As for why Ubuntu, ~same reason. There may very well be superior distros on many different metrics out there (and NixOS has me tempted), but the sheer community size of Ubuntu makes sure I'm not the first one running into a problem, and I'll find a solution online before it really slows me down. is right up there with the big ones. Community size is a quality that may be hard to measure/compare yet I find pays dividends.

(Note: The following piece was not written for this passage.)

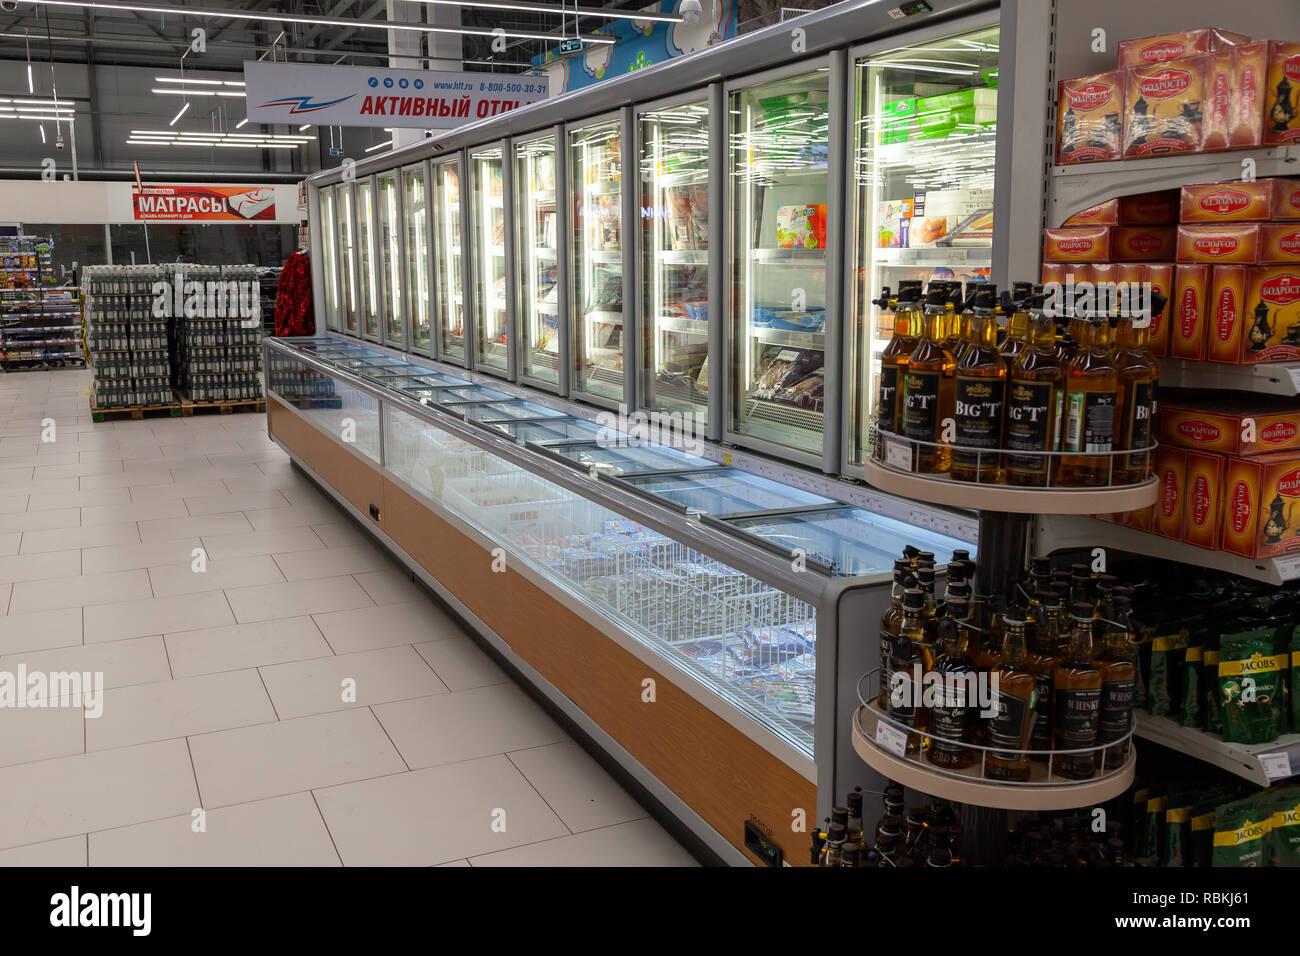 Kühlschrank Vitrine : Nowosibirsk russland supermarkt vitrinen mit

So, can Linux be my workhorse?

Yes. But this is not a sales pitch. If you walk away thinking/knowing Linux is still too much trouble, that's a fair takeway. There are sacrifices and struggles and whether those are worth it to you depends on, well, you. I don't intend to win anybody over to either side.

Ok let's dive in, I'll try to describe the things I ran into, the things I can't fix, and straight up howto's for the things I could.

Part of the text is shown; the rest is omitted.